La pianiste lance son florilège avec “Dans les dunes, par un clair matin”. Un prélude ternaire lent et bref, conduit à un motif “un peu animé, clair et léger” où

  • rythmes pointés,
  • appogiatures,
  • registre aigu et
  • ondulation des triolets

contredisent le côté carré-carré promis par la mesure à 4/4 et l’intervalle solide confié à la basse.

 

 

Une première modulation lumineuse transforme le La bémol officiel en La. Gabriel Dupont installe ainsi une instabilité tonale et rythmique (changement de mesures, exigence de ritendi, mutation de tempo) pouvant évoquer, selon les fantasmes de chacun, l’ébriété d’un jour qui se lève et s’ébaubit de renaître au soleil. Aigus et graves dialoguent tandis que l’accompagnement hésite entre balancements des triolets de doubles croches et contretemps (voire contre-demi-temps) ! La partition associe un mélange de fermeté

  • (texte mesuré,
  • nuances précises et
  • indications d’esprit comme “joyeux et ensoleillé” ou “intimement expressif”)

et de souplesse

  • (changements de mesure,
  • mutations de tonalité,
  • latitude interprétative exigeant de l’interprète qu’il joue parfois “librement” ou selon des annotations pas hypernormées comme “très retenu”)

qui fait le prix d’une écriture où les richesses harmonique, rythmique et mélodique exigent du pianiste

  • rigueur,
  • imagination et
  • poésie.

À la célèbre forme en arche (retour du premier motif et du prélude), le compositeur ajoute une coda en Fa majeur qui réinjecte un peu de soleil dans cette matinée marine.

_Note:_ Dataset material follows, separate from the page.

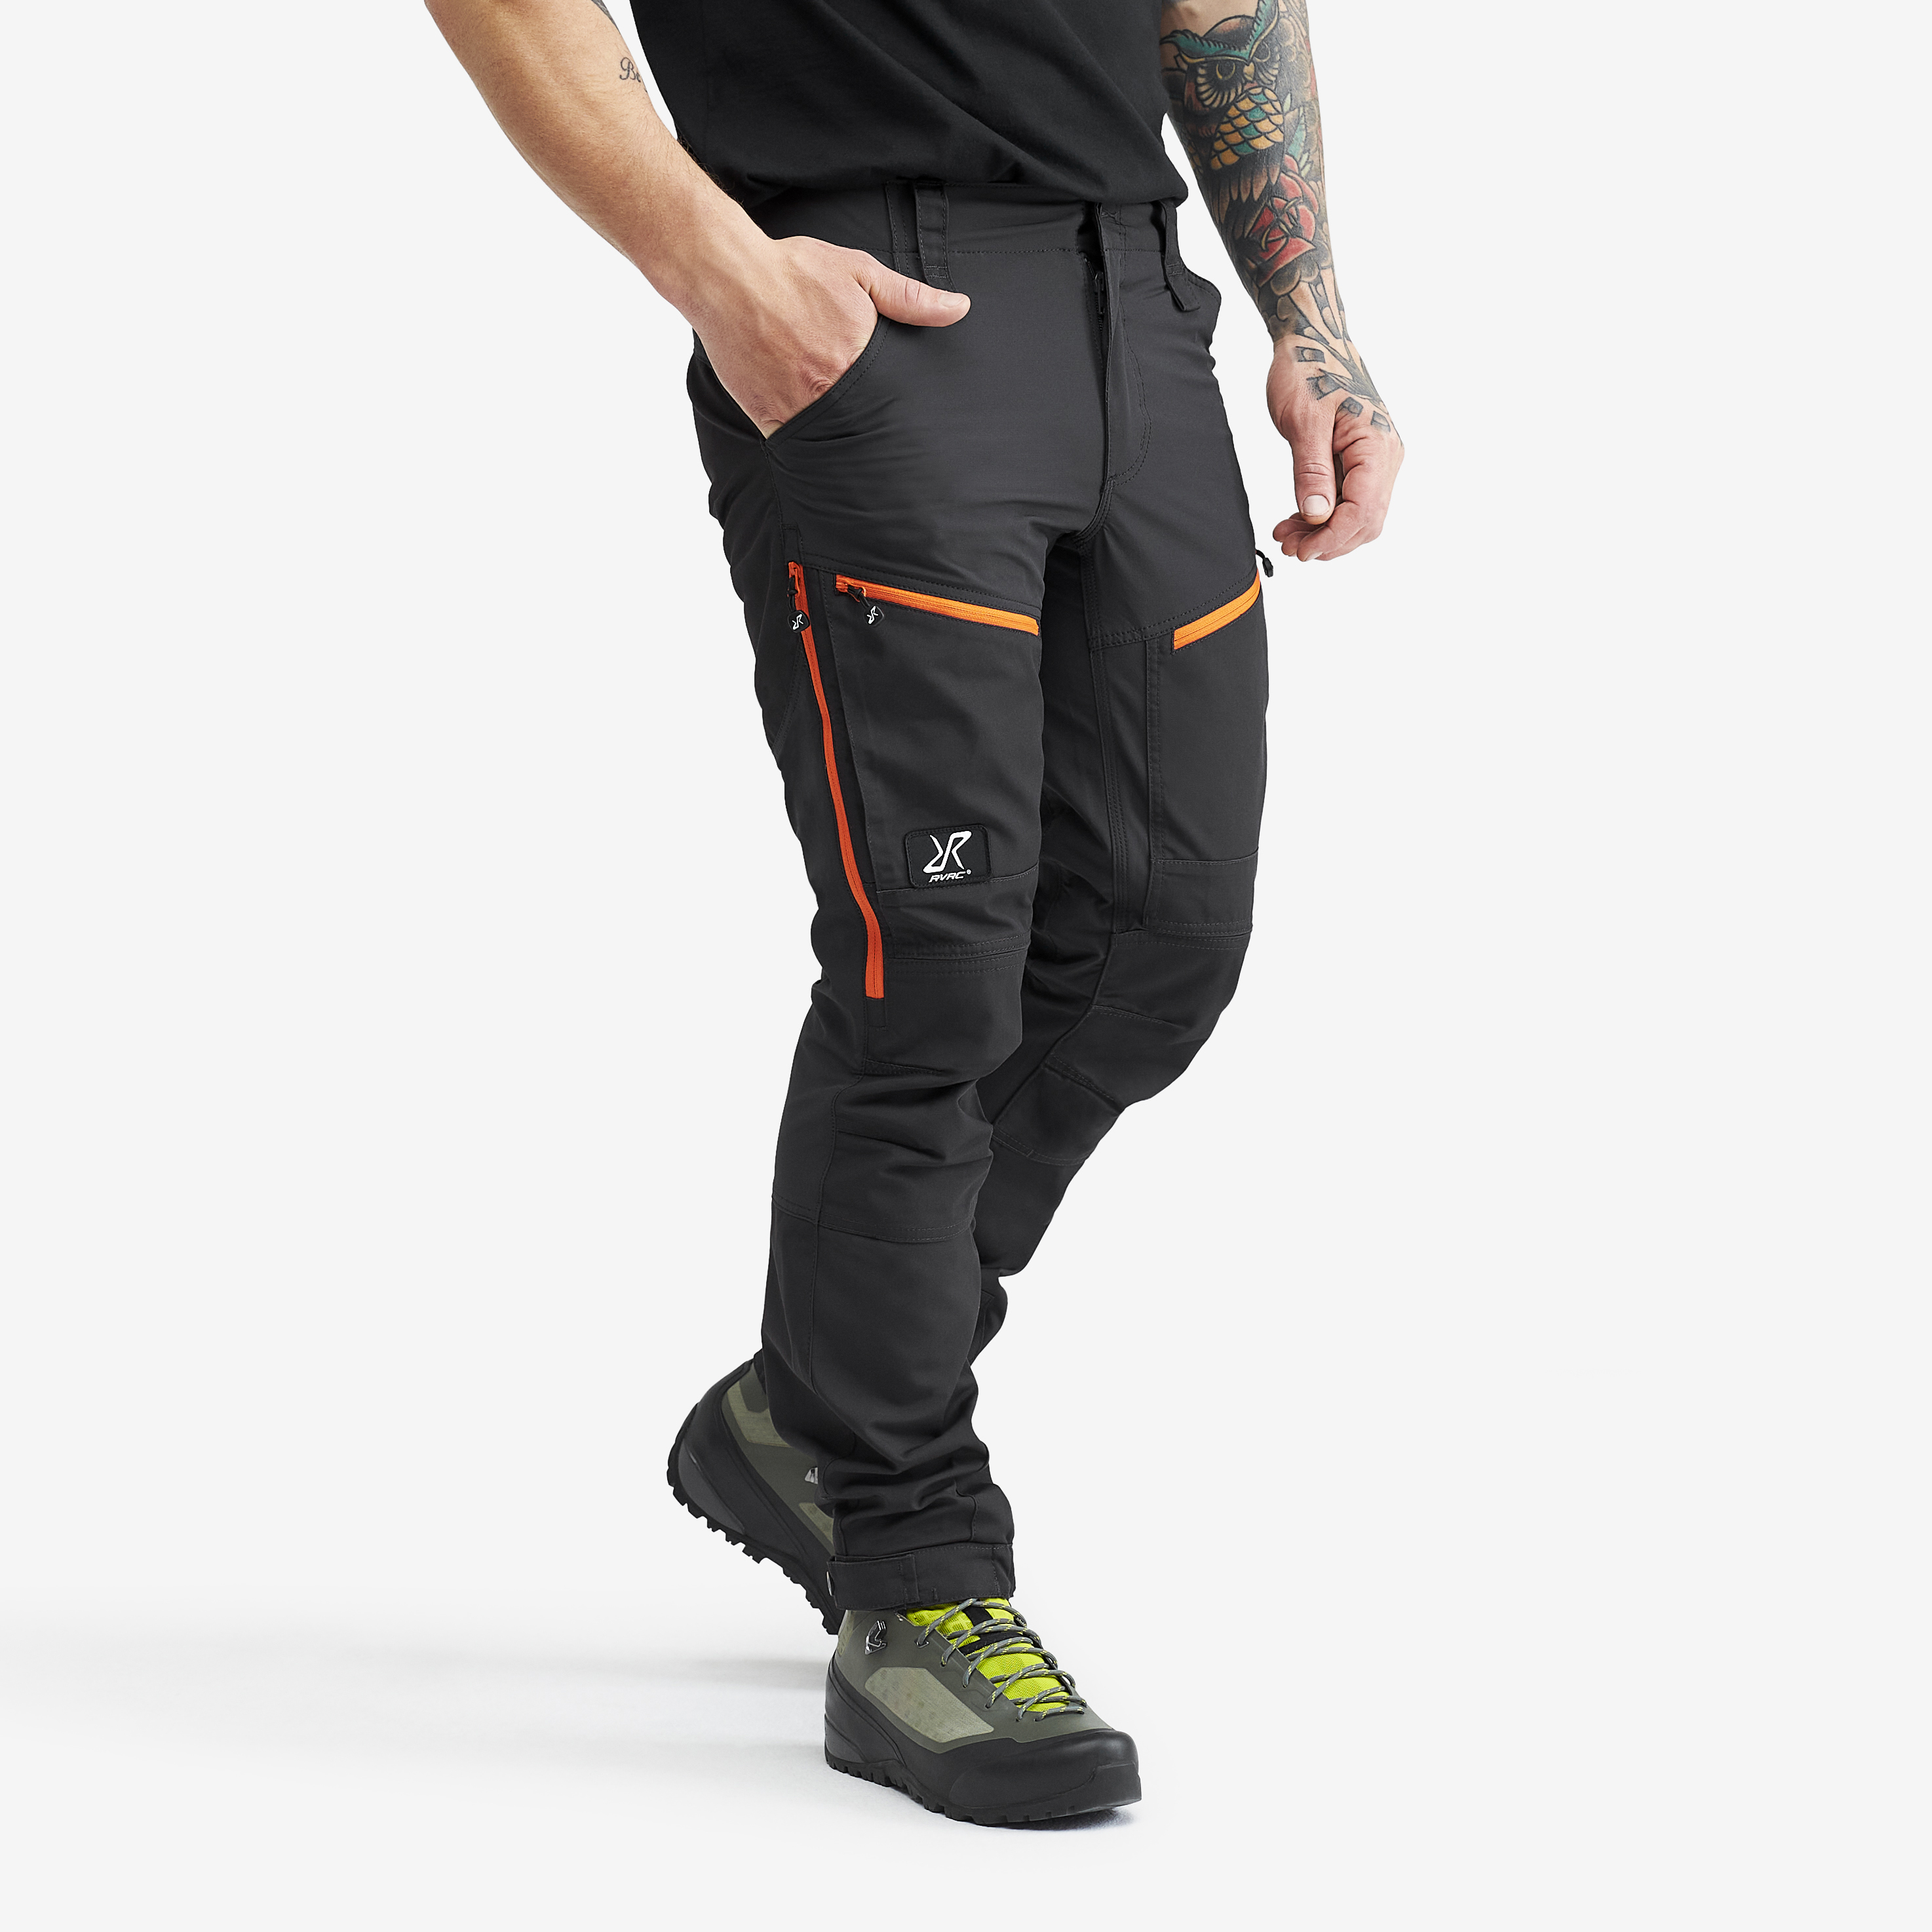 RVRC GP Pro Short turistické kalhoty pro muže v tmavě šedé barvě

L’art de Gabriel Dupont et celui d’Hélène Rusquet transforment ce qui pourrait être une aimable aquarelle en un incipit pour le moins affriolant.

 

 

“La maison du souvenir”, en Ré bémol et 9/8, s’amorce sur une première partie faussement simple. Au rythme ternaire qu’éclaire un motif ondulant s’ajoutent des contretemps, des appogiatures, des accidents, bientôt une accélération suivie d’un ritendo et d’une modulation, le tout devant être, la partition le martèle, “expressif”. L’écriture est à la fois contrôlée et, dans ce cadre, autorisée à une impulsivité à vocation clairement narrative. Dans cette forme ABA qui évite le ressassement des formules jusqu’à plus-que-satiété, le court segment B en La s’appuie sur

  • la délicatesse de notes pointées,
  • la souplesse rétractable du tempo (on le doit animer, puis l’on doit céder), et
  • l’extension réversible de mesures (du 9/8 au 12/8 et retour).

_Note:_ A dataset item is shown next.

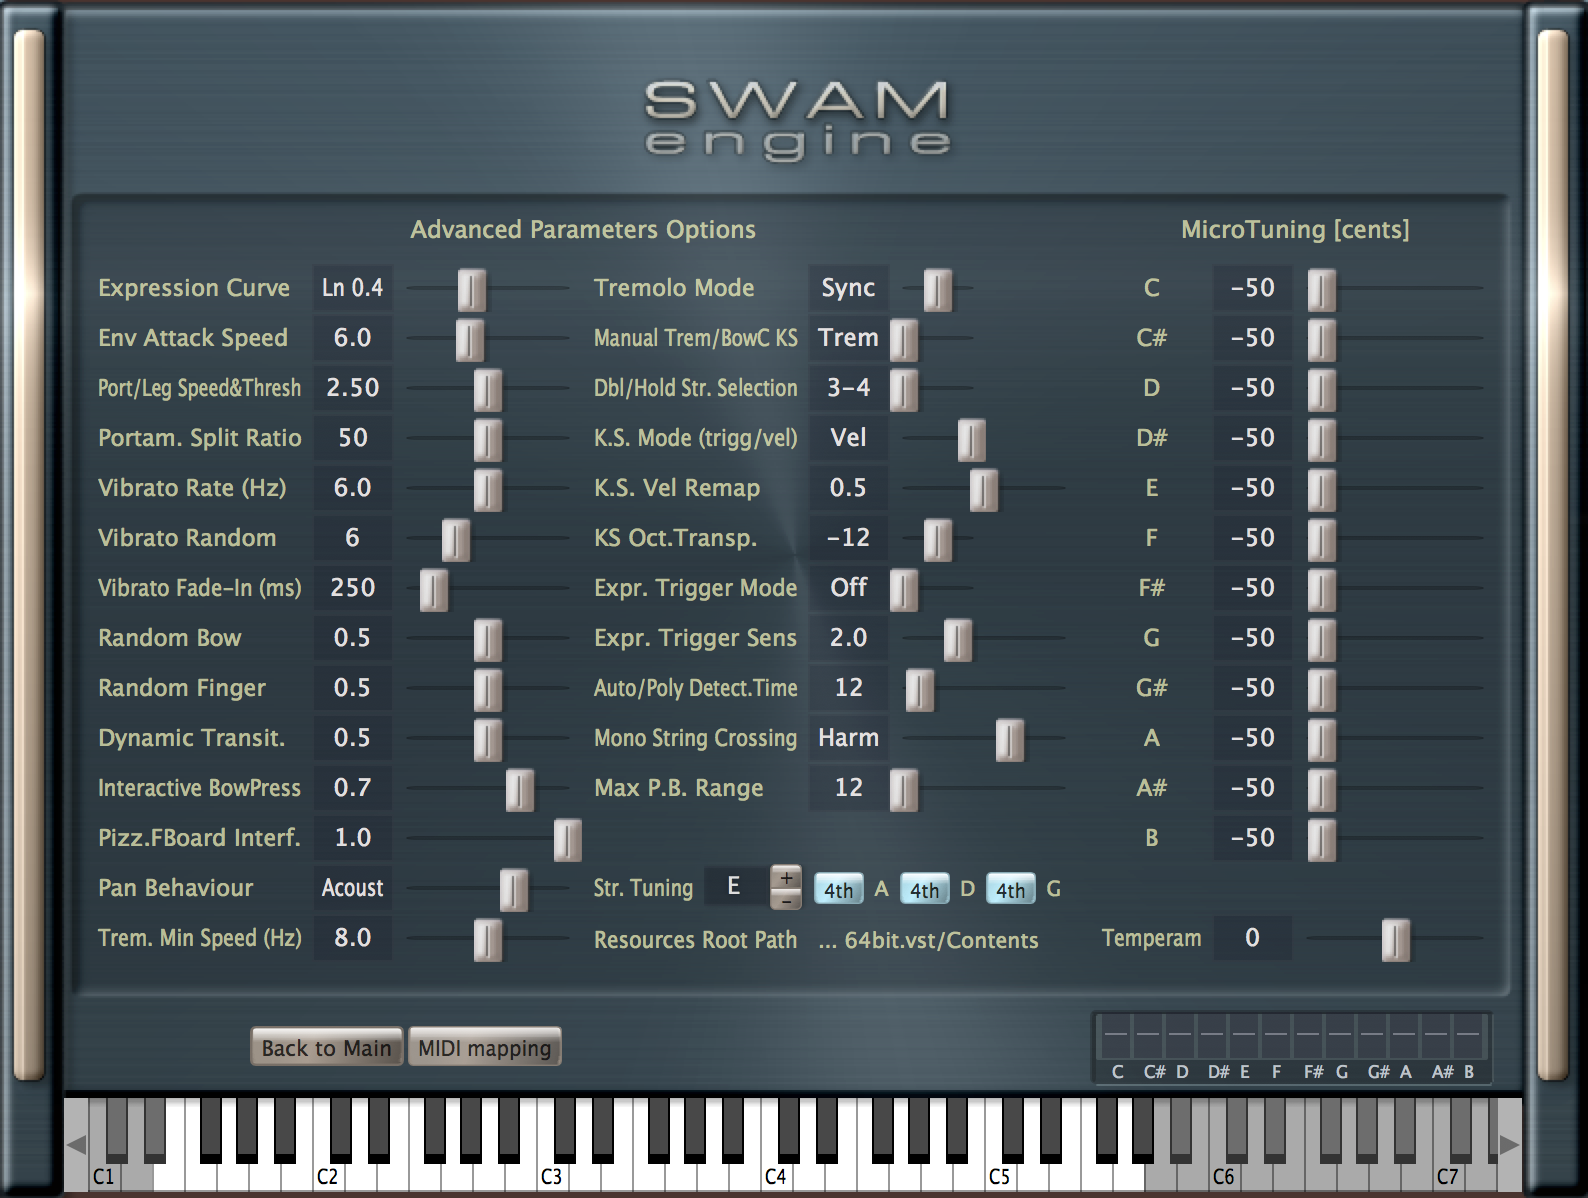 SWAM Flutes v3 Upgrade from v2

Tout cela peut sembler technique, et ça l’est comme la mer ; mais cette mécanique construit, en réalité, l’efficacité de l’évocation programmatique. Les éléments musicaux, objectifs, subjectifs et parfois intuitifs, sont écrits avec une minutie patente. Cependant une marge de liberté indispensable est offerte à l’interprète pour incarner en musique “la maison du souvenir” à partir

  • des notes et des indications d’esprit semées par Gabriel Dupont,
  • de son propre vécu et
  • de son savoir-faire pour laisser résonner la musique chez l’auditeur.

 

 

Nous enjambons la tristesse d’une “journée de février dans une petite ville” et la grandiositude, et hop, d’un “dimanche de Pâques au large” pour arriver au moment où “Le soleil se joue dans les vagues”. Clapotis exige, la mesure est ternaire même si, vivacité oblige, trois temps comptent pour un,

  • des traits d’une huitaine de doubles croches et des glissendi,
  • des lancements anticipés de mesure opposés à des pédales de graves,
  • des contrastes et des accents

se chargeant d’ajouter du groove au swing sautillant qui berce le soleil. Un deuxième motif apparaît pour clapoter, tendre l’atmosphère et relayer l’intérêt. Modulation, suspensions et traits préparent une mutation vers un mouvement modéré qui, comme ailleurs, s’anime puis se retient puis revient a tempo puis s’anime beaucoup… jusqu’au retour au motif liminaire et à sa coda en Fa dièse, trouée “de grandes clartés aveuglantes” puisque le soleil finit par se prendre dans la mer donc dans les trilles du piano. Pour peu que l’interprète soit doté de moyens digitaux époustouflants, la partition lui est un régal tant elle regorge de trouvailles associant

  • joie des archétypes,
  • ambiguïté des effets (çà sonnent les cloches, là virevolte une espagnolade) et
  • puissance des variétés d’harmonisation (de l’évident au dissonant en passant par l’inattendu).

À ce jeu, Gabriel Dupont trouve en Hélène Rusquet une partenaire remarquable.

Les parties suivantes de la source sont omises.